Cass. soc., 22 janvier 2025, n°23-10.888
Rupture résultant du refus du salarié d’une modification de son contrat pour un motif non inhérent à sa personne : licenciement économique dont la CRS repose sur le motif de la modification
Il résulte du code civil (art. 1134) et du code du travail ( art.
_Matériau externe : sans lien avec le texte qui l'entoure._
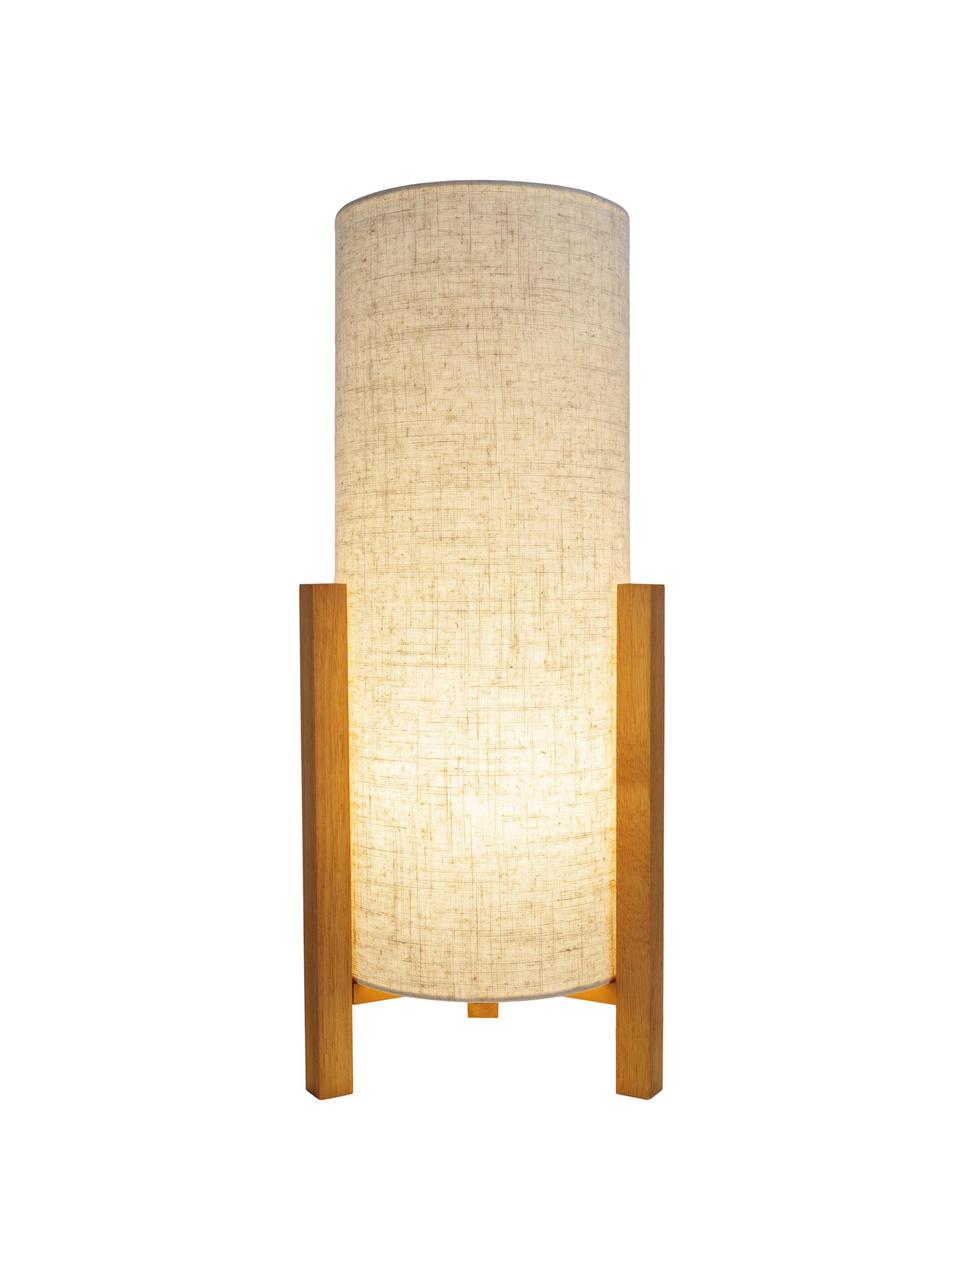 Grande lampe à poser Matilda, Blanc crème, bois clair, Ø 22 x haut. 52 cm

L. 1233-3 dans sa rédaction antérieure à la loi n° 2016-1088 du 8 août 2016, et L. 1233-16), d’une part, que le seul refus par un salarié d’une modification de son contrat de travail ne constitue pas une cause réelle et sérieuse de licenciement et, d’autre part, que la rupture résultant du refus par le salarié d’une modification de son contrat de travail, proposée par l’employeur pour un motif non inhérent à sa personne, constitue un licenciement pour motif économique.
Doit dès lors être cassé l’arrêt qui retient que le licenciement repose sur une cause réelle et sérieuse, alors qu’il résultait de ses constatations que le motif de la modification du contrat de travail refusée par le salarié résidait dans la volonté de l’employeur d’externaliser ses activités commerciales et qu’il n’était allégué, ni dans la lettre de licenciement, ni dans les conclusions de l’employeur qui se bornait à soutenir que le refus par le salarié des postes qui lui avaient été proposés caractérisait une situation intolérable et inacceptable, que cette réorganisation résultait de difficultés économiques ou de mutations technologiques ou qu’elle était indispensable à la sauvegarde de la compétitivité de l’entreprise, en sorte que le licenciement était sans cause réelle et sérieuse.